El regreso: “Hay mucha gente que no tiene opción, hacen duelos a la distancia”
Sus sensaciones al volver fueron encontradas, pero predominó la gratitud, ya que siempre supieron que regresarían, especialmente porque no habían escapado de Argentina, sino que se fueron para vivir la experiencia del inmigrante.
El regreso fue por la familia. Para Patricio y Silvia, había algo que en la distancia se había vuelto innegable: la importancia de los lazos, sobre todo con sus padres, que necesitaban de su colaboración.
“No existe el ‘me tomo un micro y en un par de horas llego’. Uno de los padres de nuestros vecinos argentinos en Italia tuvo un ACV y quedó internado. Hay mucha gente que no tiene opción, hacen duelos a la distancia, ya que no pueden regresar. Abuelos y padres sienten que van a morir solos”, sostiene Patricio, quien, como psicólogo social, está trabajando en su proyecto Metanoia viajes, que combina historias de desarraigo, choque cultural, teoría de la identidad y otros fenómenos sociales que emergen en todo proceso migratorio.
Aprendizajes de la propia identidad: “Tal vez en unos años nuestro país se convierta nuevamente en un faro de esperanza”
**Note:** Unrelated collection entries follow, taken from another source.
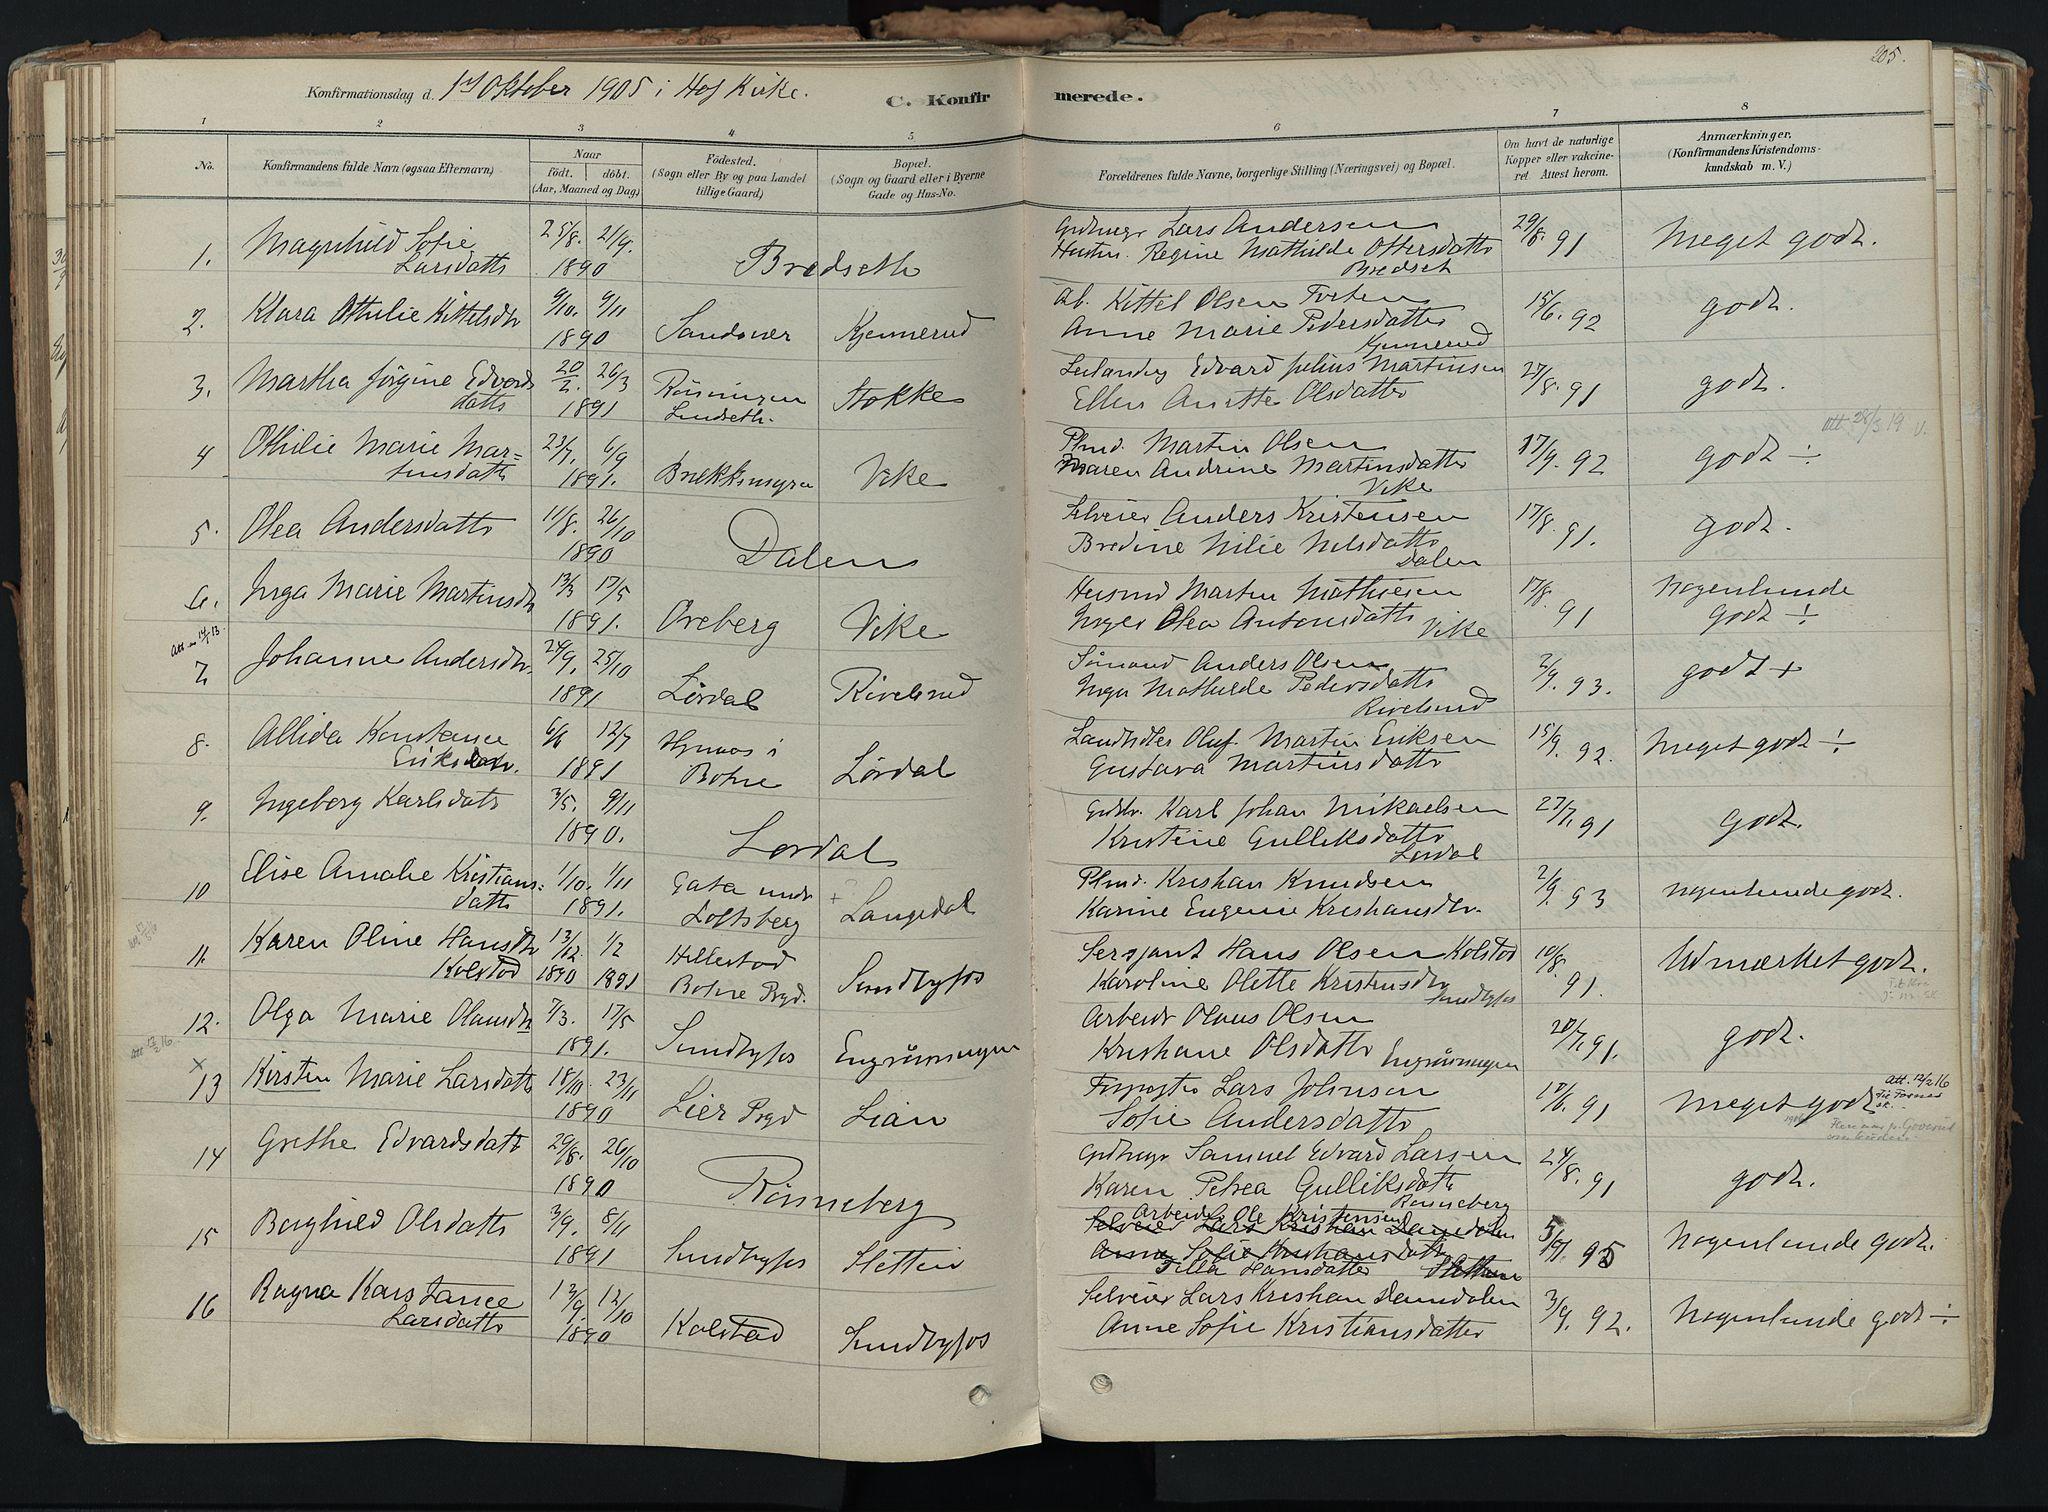 SAKO, Hof kirkebøker, F/Fa/L0007: Ministerialbok nr. I 7, 1878-1940, s. 205
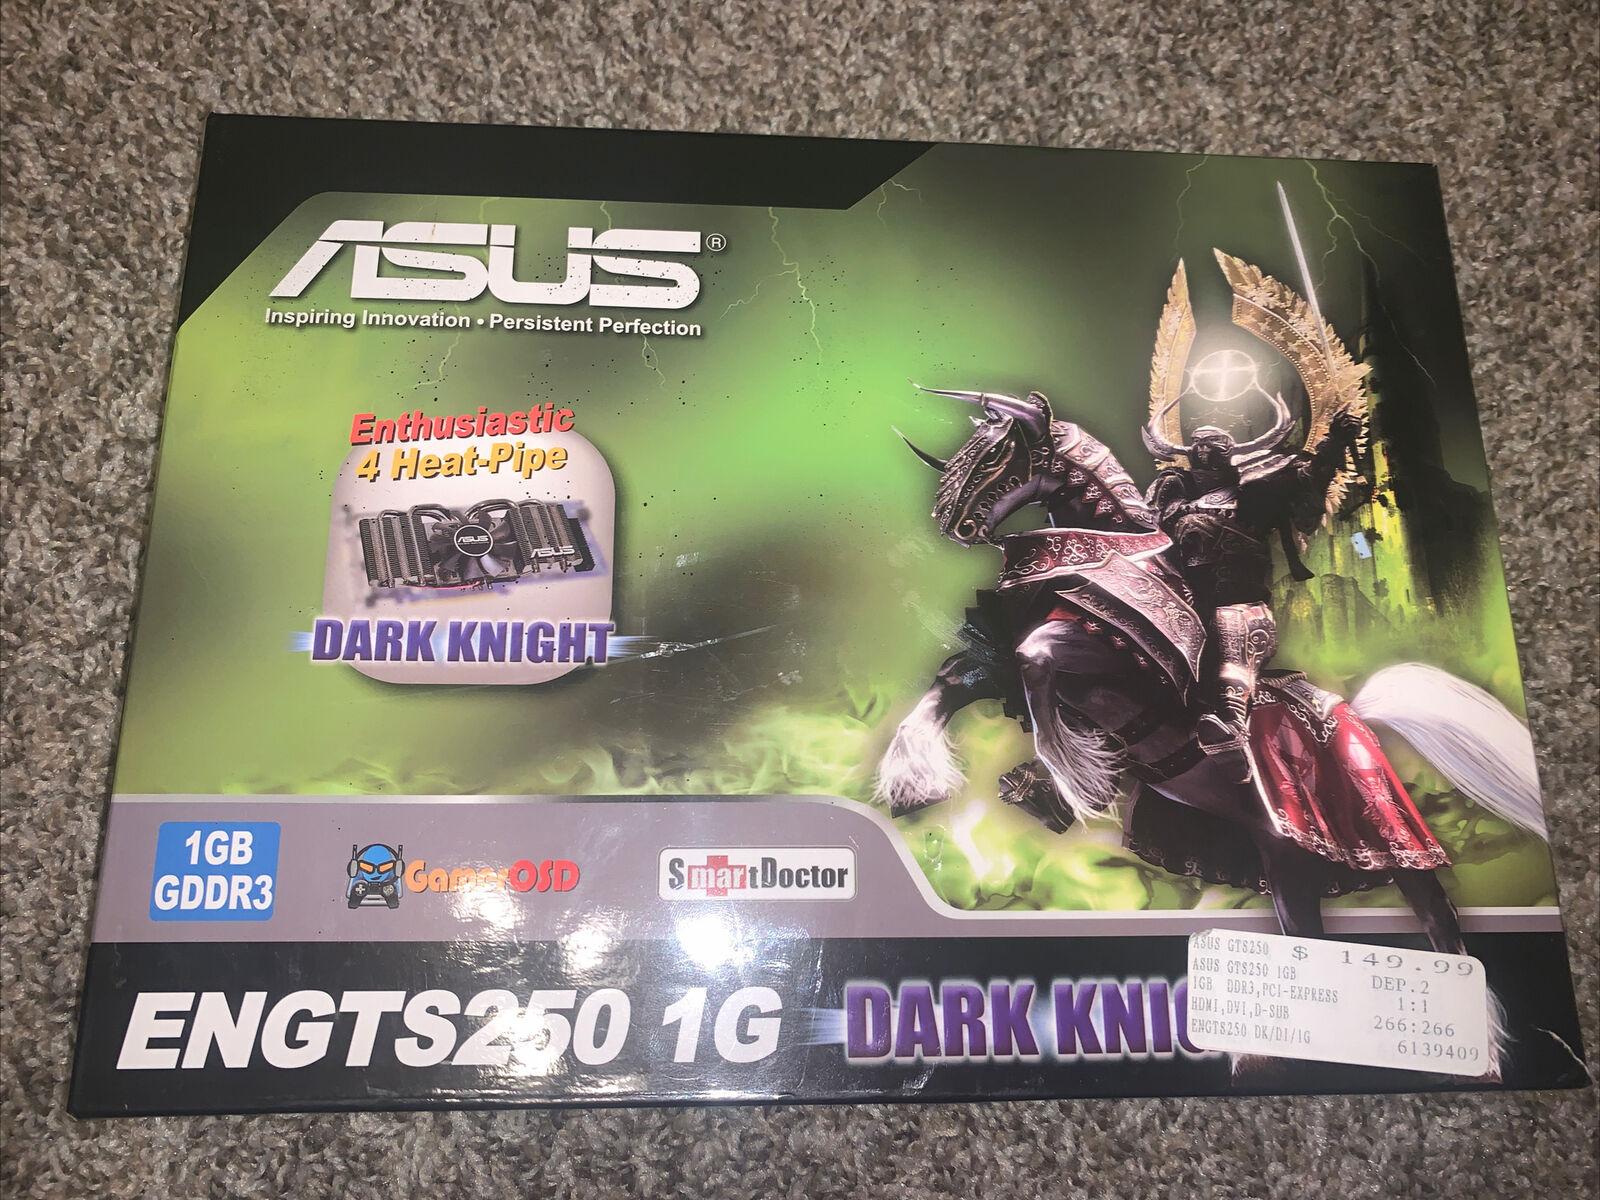 ASUS ENGTS250 DK/DI/1GD3/WW GeForce GTS 250 1GB GDDR3 PC Computer Graphics Card
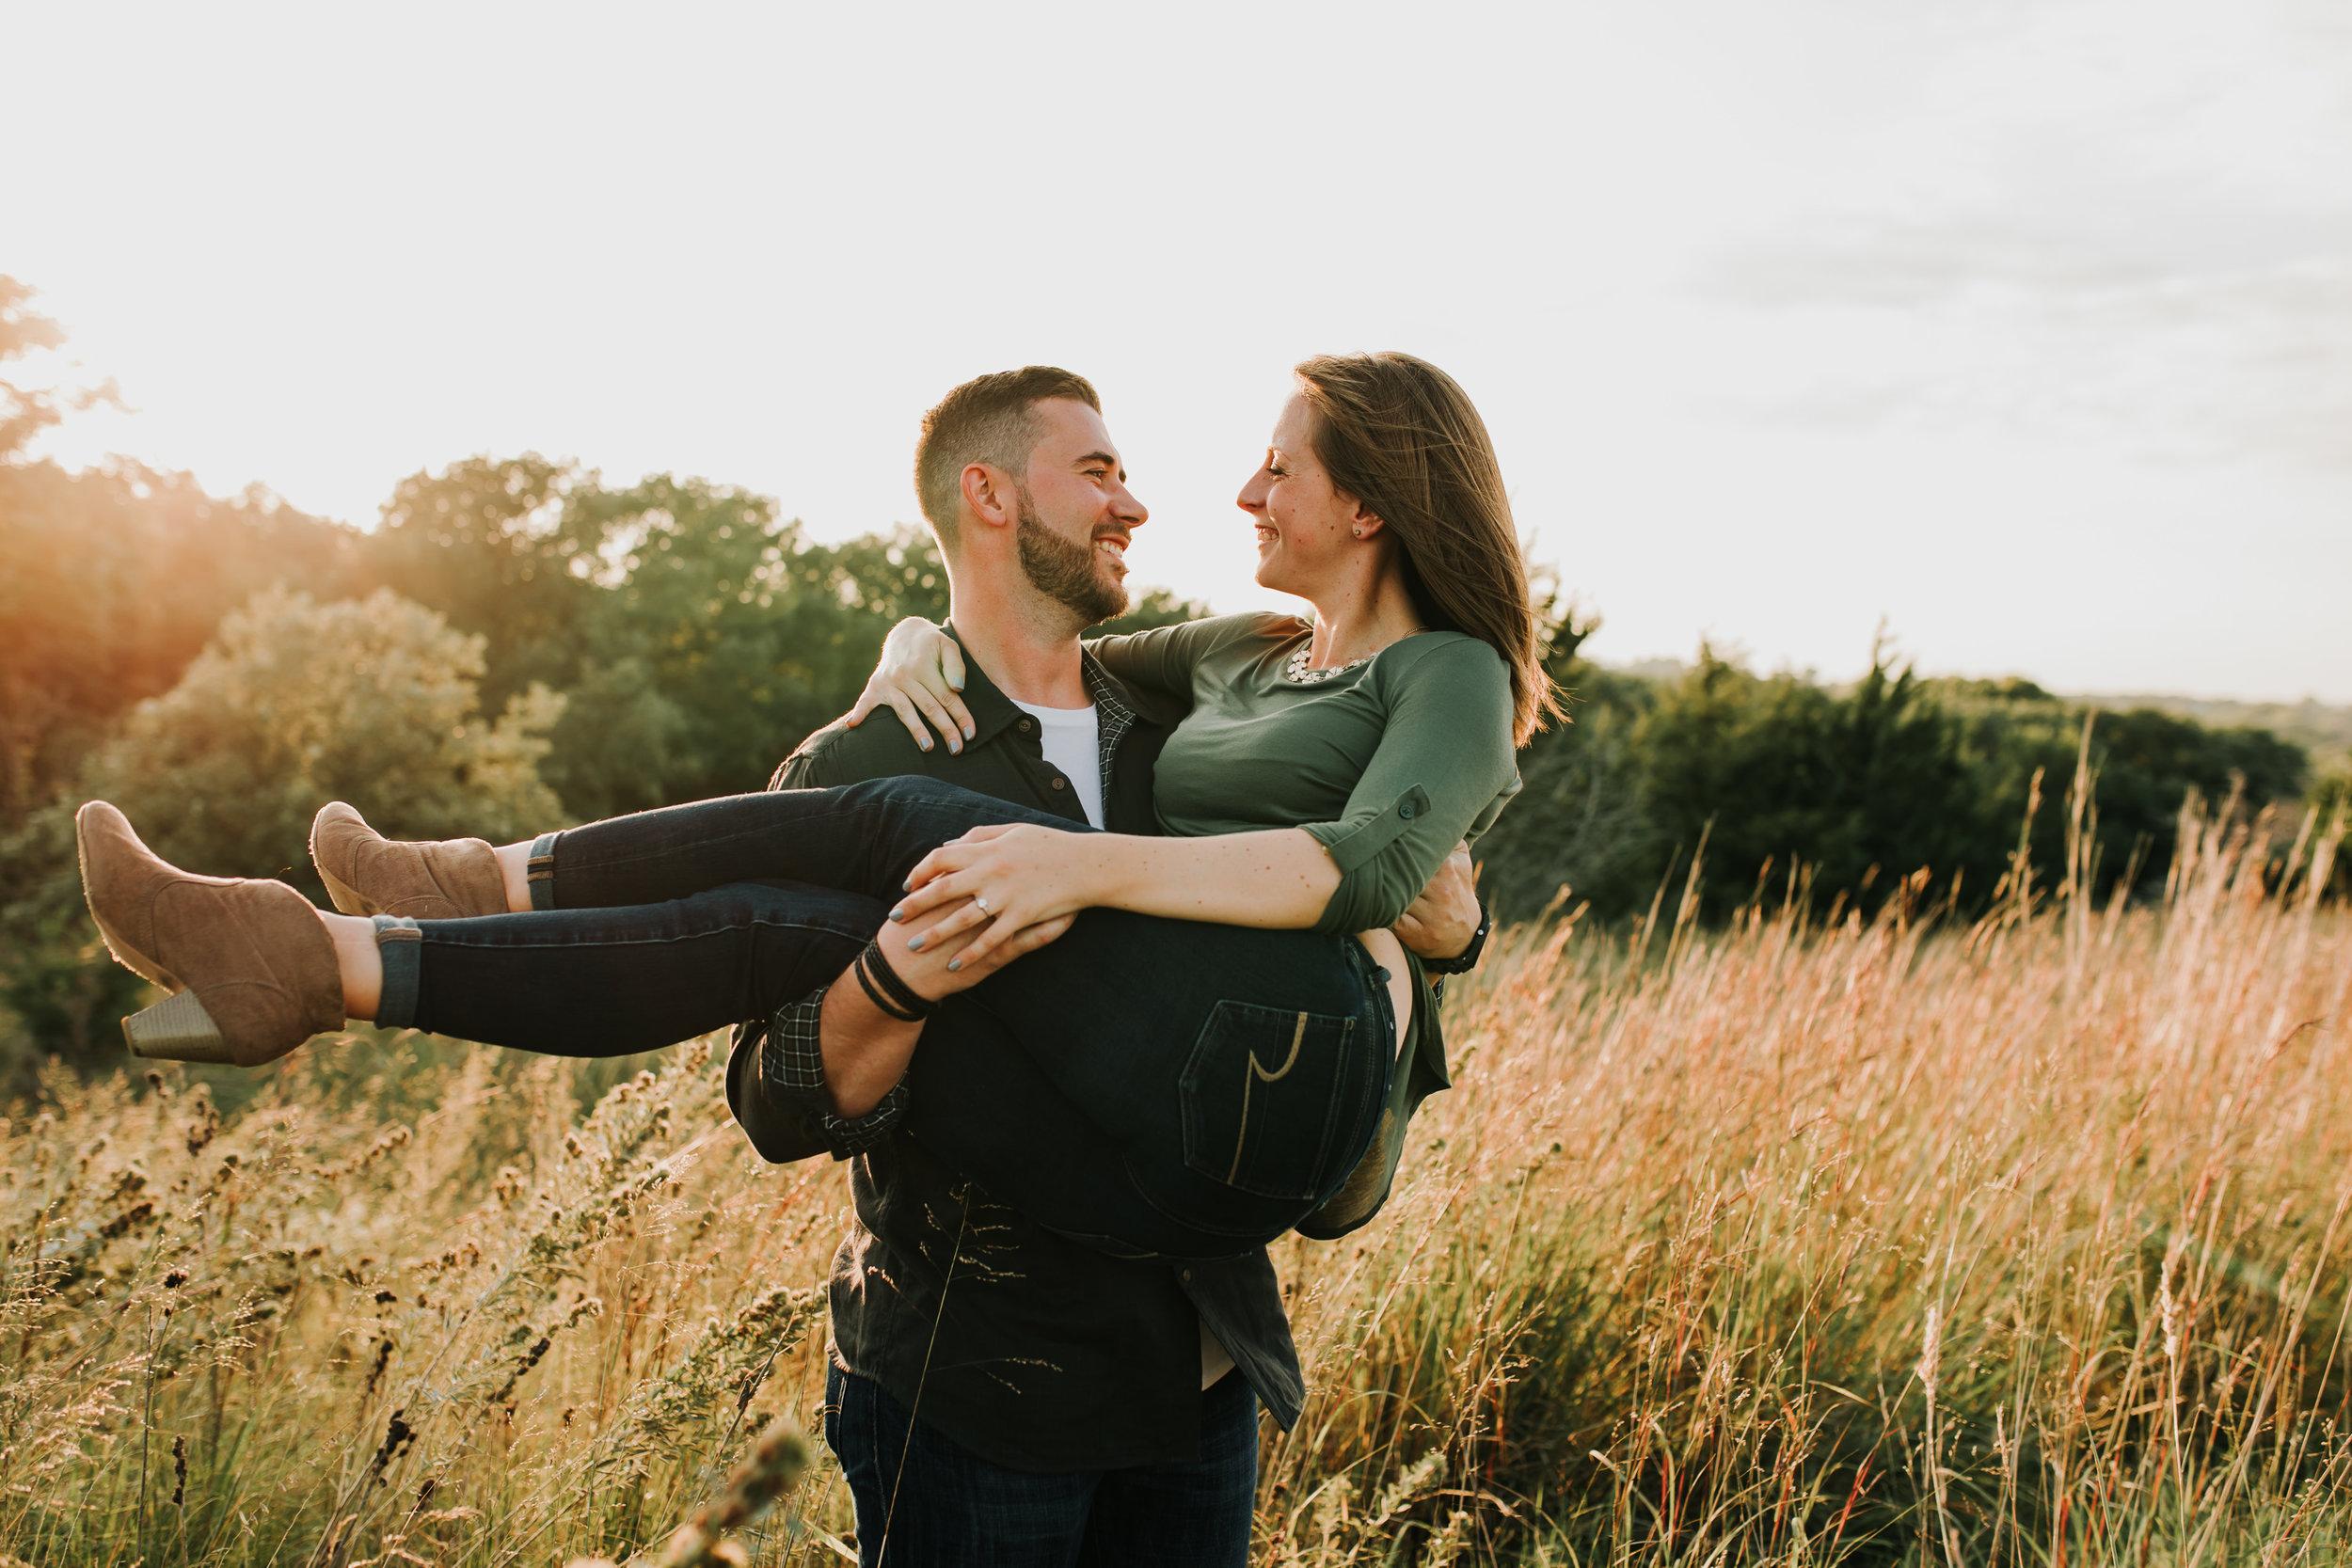 Leslie & Austin - Engaged - Nathaniel Jensen Photography - Omaha Nebraska Wedding Photograper - Engagement Session-59.jpg

“¿Es posible construir nuevos relatos que nos impulsen a ser mejores? Sí, estamos convencidos de que se puede. Pero ¿qué nos falta para hacerlo? Comenzar por abandonar las interpretaciones de lo que fuimos, para construir ficciones sobre lo que podemos ser. Construir nuevos mitos sobre nuestra argentinidad, reemplazando nuestra viveza criolla y conflictiva por naturaleza, ética, compromiso y sentimiento hacia nuestra tierra…” (Fragmento escrito por Patricio Pannunzio Trotelli en enero de 2023)
Para Patricio, la experiencia de Italia quedó atrás, pero los aprendizajes siguen presentes. Varios días pasaron desde que la película Homo Argentum le provocó aquella sensación extraña. Hoy más que nunca comprende por qué se fue y por qué considera vital que todo ser humano, en la medida de sus posibilidades, salga a ver el mundo: verse a través de otros espejos invita a la mejora y a la apreciación de lo propio.
“Estoy orgulloso del camino recorrido. De haber vivido la experiencia en primera persona y de poder ayudar a otros a transitarlo de la mejor manera. Luego de viajar tanto y ver otras realidades, comprendemos lo importante que es forjar una identidad y un sentido de pertenencia. Seas de donde seas y vivas donde vivas. El mundo nos une”.
“A la Argentina aprendimos a quererla mucho más estando a la distancia, y a entender por qué nos pasa lo que nos pasa a los argentinos. Pese al momento que vive la nación, sabemos que hay mucho potencial humano para salir adelante y que tal vez en unos años más nuestro país se convierta nuevamente en un faro de esperanza para aquellos que buscan un mejor destino”, concluye.